Grâce à ces institutions que le monde entier nous envie, la France jouirait d’une stabilité politique lui permettant de traiter les grands problèmes auxquels elle est confrontée. Cette stabilité serait la contrepartie, à défaut d’en être la justification de notre démocratie réduite à la portion congrue, de la mise au pas du Parlement réduit au rôle de chambre d’enregistrement, du contrôle du parquet par l’exécutif, du contrôle de constitutionnalité des lois effectué par une instance peuplée des anciens présidents de la République et de nombreuses autres bizarreries comme l’existence d’un ordre de juridiction propre à l’administration qui est aussi un organe de conseil du gouvernement et dont les magistrats occupent les principaux postes de pouvoir de la République.
Pourtant un bref regard en arrière suffit à se convaincre de la profonde instabilité de notre fonctionnement institutionnel.
Entre 2002 et 2020, la France a changé de Premier ministre 8 fois, soit 27 mois d’exercice de cette responsabilité en moyenne.
Au cours de la même période, les chefs de gouvernement ont changé 4 fois en Espagne, 6 fois au Royaume-Uni, 2 fois en Allemagne, 8 fois en Italie si l’on compte pour 2 les mandats de Berlusconi interrompus par celui de Romano Prodi de 2006 à 2008. La Belgique a connu 6 premiers ministres, les Pays-Bas 2 chefs de cabinet et le Portugal 5.
C’est donc en France que la durée de vie des premiers ministres est la plus brève et leur changement le plus fréquent. On peut ajouter que c’est aussi le seul pays européen où ils doivent leur existence au seul Président de la République et non à une base parlementaire qui serait la source de leur légitimité et donc de leur autorité, ce qui les rend particulièrement faibles vis à vis des parlementaires auxquels ils ne peuvent s’imposer que par le corset constitutionnel qui leur interdit de jouer leur rôle de législateur et de contrôleur de l’action du gouvernement, mais aussi vulnérables aux sautes d’humeur du Président de la République.
Les Premiers ministres ne pèsent pas grand-chose en France, sauf lorsqu’ils décident d’utiliser ce poste pour se lancer dans la seule course qui compte dans notre pays aux institutions atrophiées, l’élection présidentielle.
Quant aux ministres dont le premier ministre est flanqué, c’est encore pire. Celui de l’écologie, dont on nous dit qu’il s’agit de la priorité des priorités, a changé 15 fois en 18 ans, celui de l’intérieur 14 fois, ceux de l’économie ou du travail 12 fois, celui de la culture 10 fois, etc. Ceux qui viennent d’être désignés doivent rester lucides sur leur importance dans l’histoire s’ils ne veulent pas souffrir trop de désillusion.

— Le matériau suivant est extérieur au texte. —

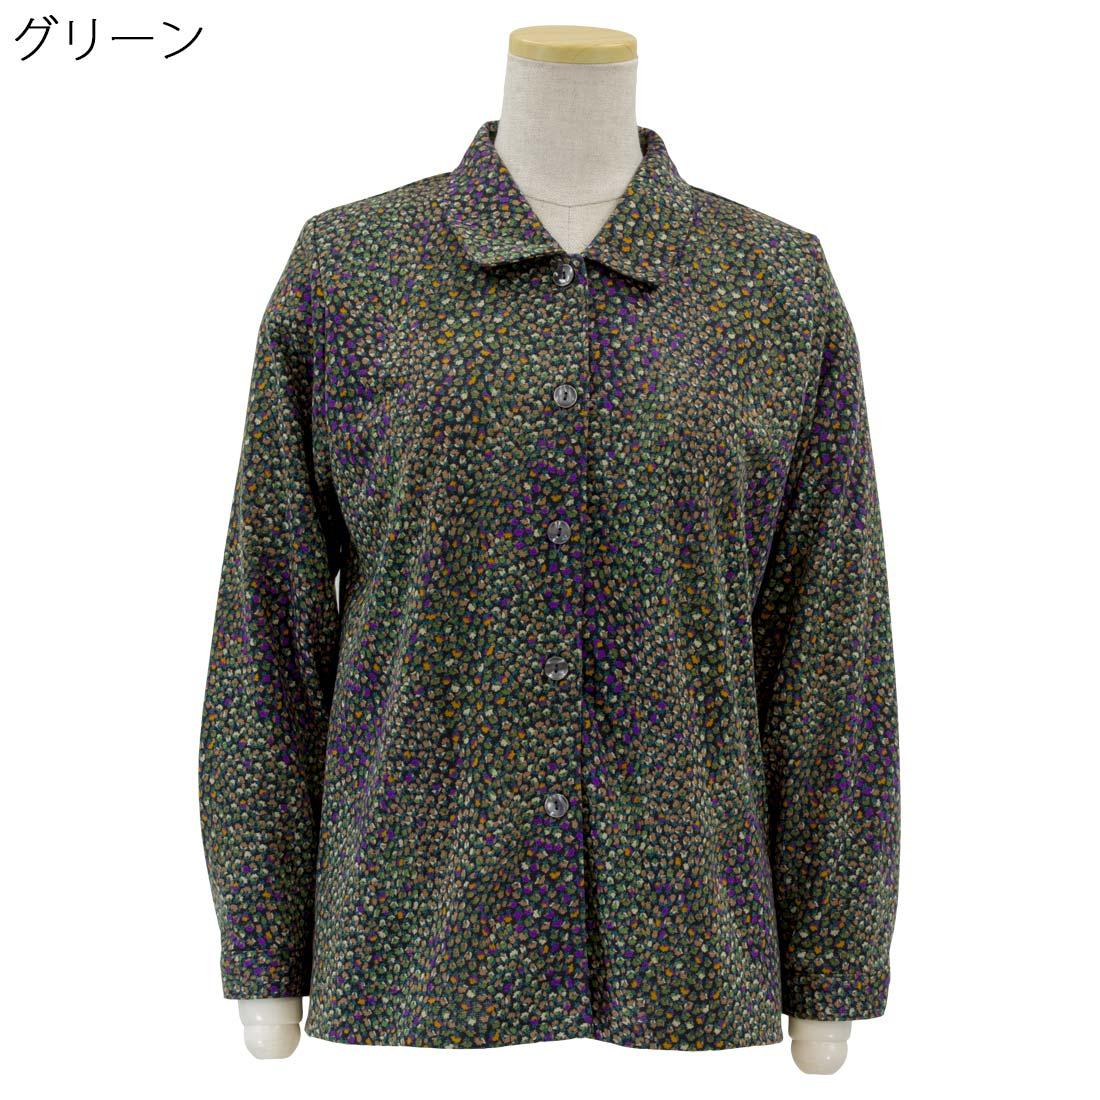 婦人 シニア向け■ストレッチ 毛混 ニット 後ろ身頃 ゆったり ブラウス 日本製

Cette faible capacité des exécutifs français à conduire une action dans la durée n’est pas corrigée par l’existence d’un Président de la République élu au suffrage universel et disposant de pouvoirs étendus. S’il est à peu près intouchable pendant son mandat, il n’est pas réélu depuis le second mandat de J. Chirac et la partie « utile » de son mandat est très réduite. Les Présidents de la République obtiennent leur élection sur un malentendu, comme dans le cas d’E Macron qui a bénéficié du vote « utile pour faire barrage au FN devenu RN » pour l’emporter et a interprété ce vote comme une approbation par la population de son programme de réforme du code du travail, des retraites ou de l‘assurance retraite, ce qu’il n’était naturellement pas. Ainsi, faute de pouvoir s’exprimer au Parlement ou dans une politique plus équilibrée du chef de l’Etat, l’opposition s’exprime ensuite dans la rue par de très longues grèves qui ne font pas reculer l’exécutif mais paralysent le pays et laissent de profonds sentiments d’amertume, ou par le mouvement des « Gilets Jaunes » qui a effrayé le pouvoir parce qu’il sortait des cadres habituels et mettait en mouvement le pays dans sas couches habituellement les mois revendicatives. L’action réformatrice du Président de la République a été stoppée jusqu’à la prochaine élection et le même scenario se reproduira la prochaine fois si les candidats au second tour sont les mêmes.
Les thuriféraires de la Vème République regardent avec mépris les régimes précédents. Pourtant la troisième République n’a compté qu’une bonne quarantaine de Présidents du conseil différents en 70 ans, les mêmes revenant souvent reprendre la responsabilité des affaires, et elle a construit les fondements de la France républicaine, la protection des libertés individuelles, de la liberté de la presse, des associations, l’école publique, qui sont autant de piliers qui résistent tant bien que mal aux nouveaux « manageurs » de la vie publique. Elle n’était en réalité pas beaucoup plus instable que la Vème République et son œuvre se compare favorablement à cette dernière.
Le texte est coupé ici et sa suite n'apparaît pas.